Other times, however, it was shockingly easy to predict. Frankie Montas went down with an unresolved shoulder injury in June, and was a Yankee by July. To this day, something tells us those two realities were not entirely unrelated; the price on an All-Star dropped, and Cashman took a chance to save capital. It failed.
Josh Donaldson was a clubhouse terror and an enemy of the Yankees' ace when he arrived. At least he brought elite batted-ball metrics the summer before he showed up. There was something to dream on. Unfortunately, by the time he suited up in pinstripes, he couldn't hit a pop fly over the aging curve.

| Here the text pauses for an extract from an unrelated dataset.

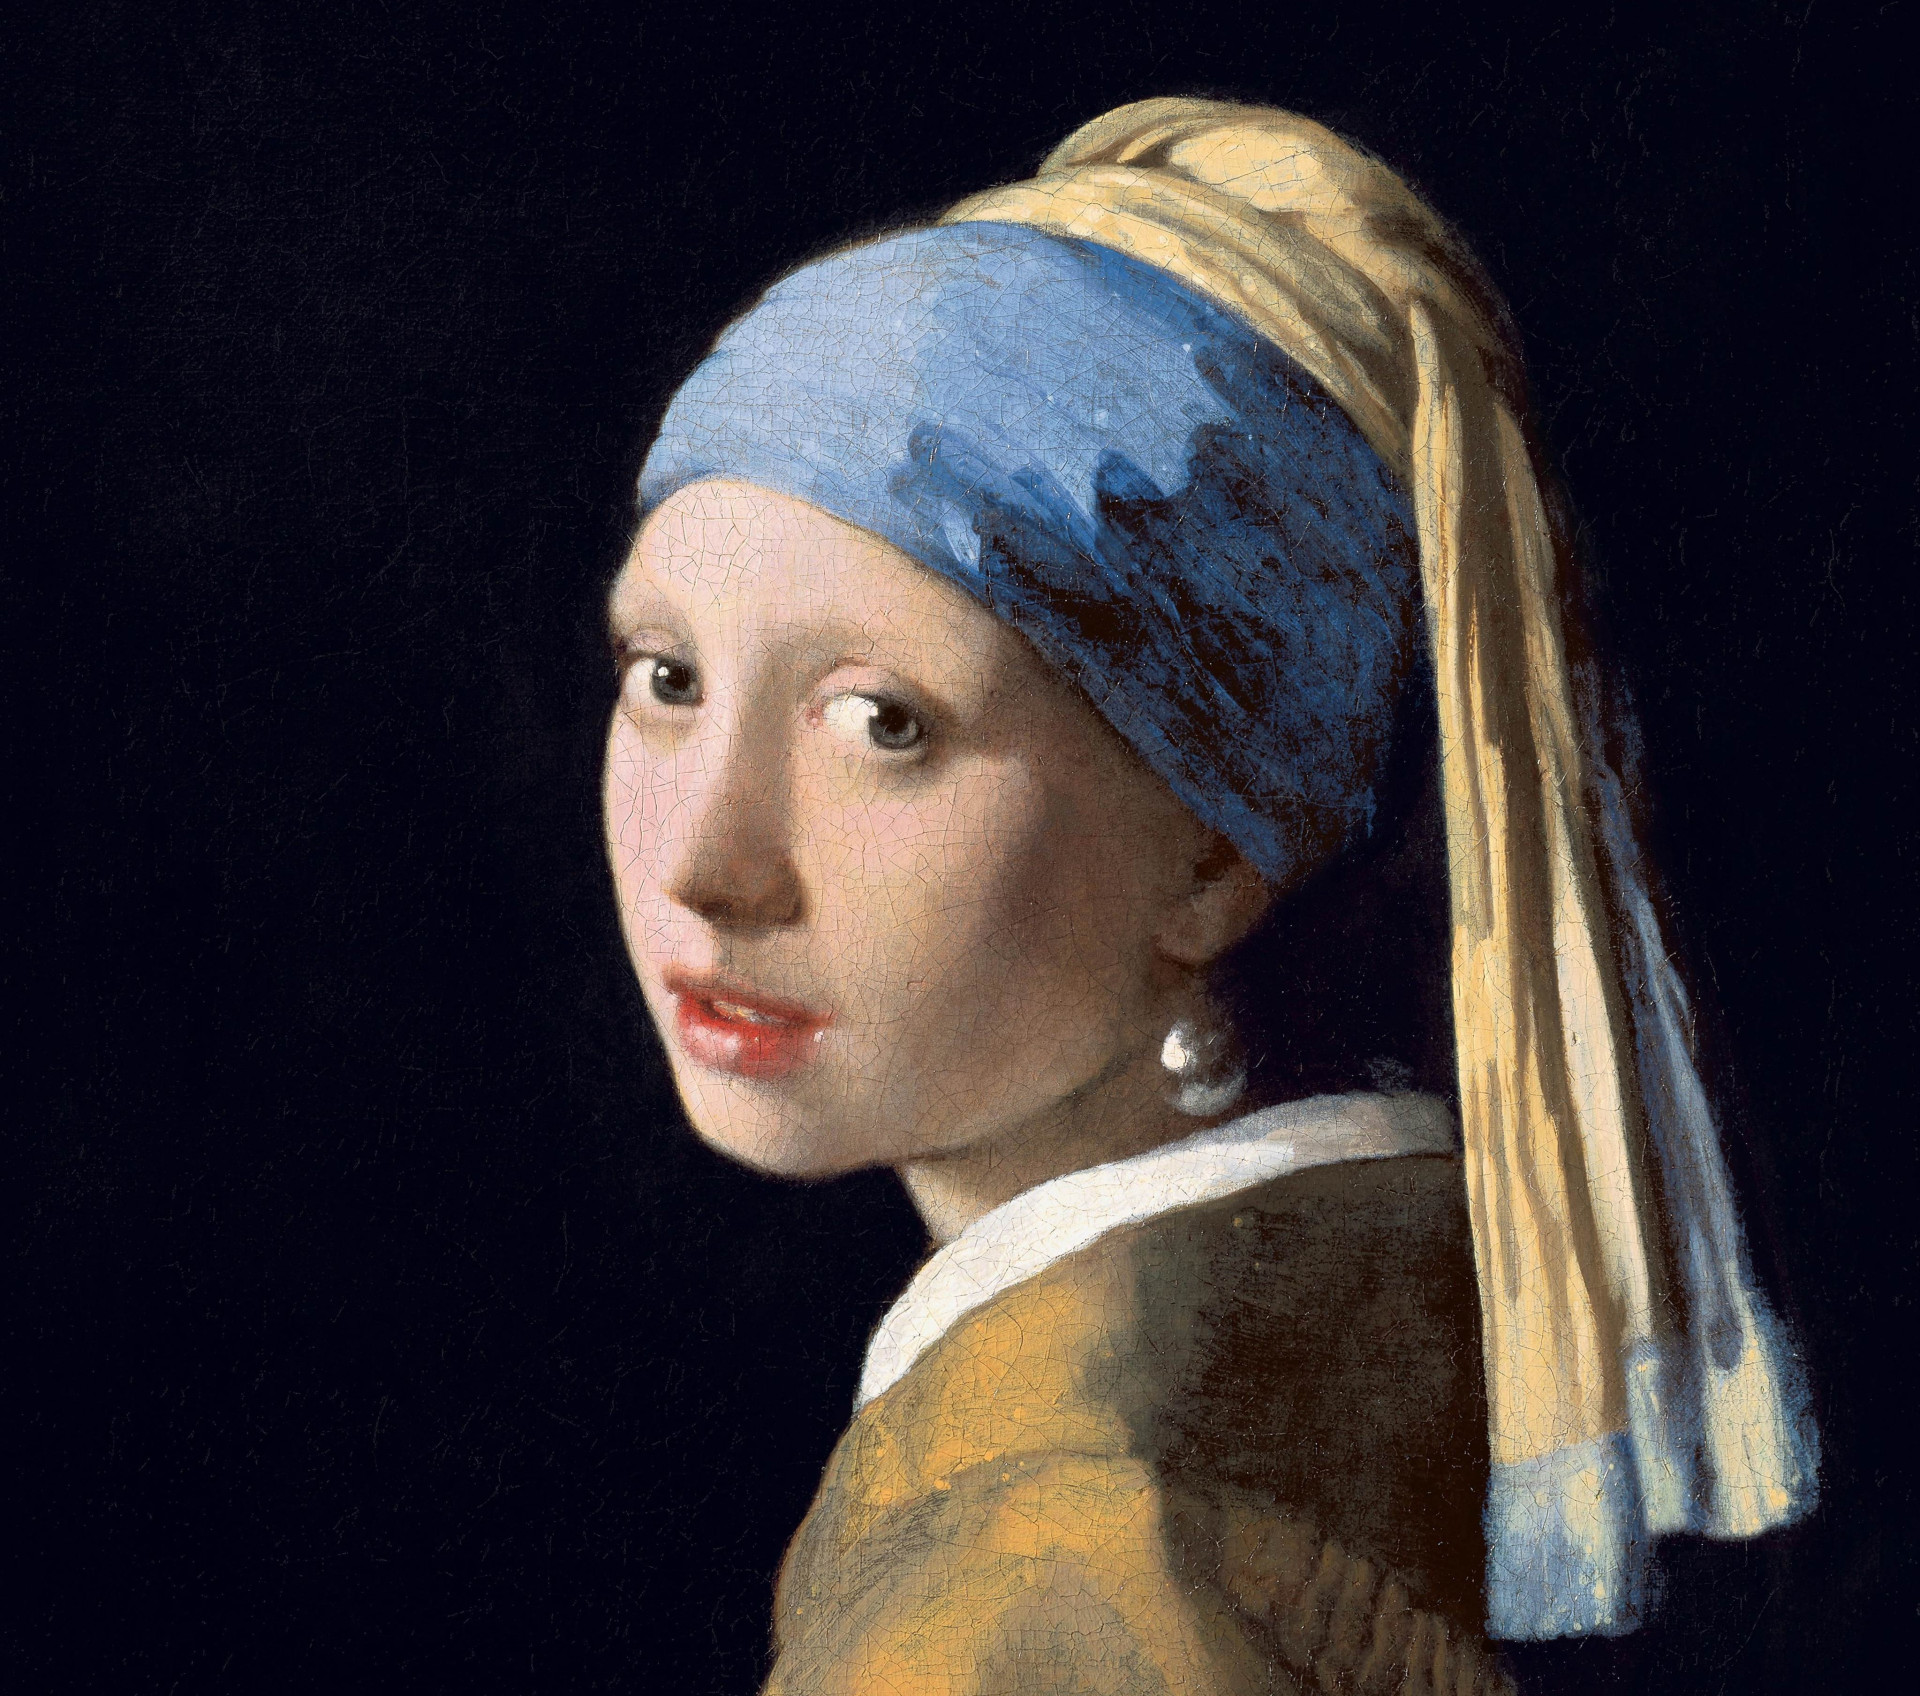 <p>'Girl with a Pearl Earring,' an artwork by Johannes Vermeer, has fascinated viewers for many years. Nevertheless, the question remains: what is hanging from her ear? According to some, the girl may not be wearing an earring at all. By examining closely, one can observe that there is no visible loop connecting the object to her ear. Consequently, many perceive the painting as an optical trick or illusion.</p><p>You may also like:<a href="https://www.starsinsider.com/n/269366?utm_source=msn.com&utm_medium=display&utm_campaign=referral_description&utm_content=622678v1en-en"> The mysterious history behind Japan's Devil's Sea</a></p>

Joey Gallo represented the biggest swing available on the trade market, at the time of his acquisition, but the Yankees' lineup was already too swing-and-miss prone without him. 15 degrees of variance in the wrong direction from Gallo, and the whole house of cards that was the 2021 season was destined to fall apart. It did. Gallo is a pitcher now.
Somehow, Williams has had the swiftest fall of all — though, again, the start of his downfall was broadcast on national television last season. The Mets were involved. It was all over the local markets. Would've been tough for Cashman to miss it.
Monday night was on Boone, who signaled for the reliever in the most tenuous mental state in the most important moment of the game (and no, Luke Weaver is not completely absolved for faltering, too, though he's only done it once this year). It's on Williams, whose fastball dipped below 92 as he missed the zone four consecutive times to Arraez, who was ready to swing out of his shoes at anything close.
But mostly, it's on Cashman for somehow uncovering his fastest fall from grace yet, as the Yankees proceeded to lose their fifth game of the first 35 in which they led in the eighth. Williams has been directly responsible for three of those, a rate of failure eclipsed only by Cashman when it's time to cash in his prospect chips for a fading star.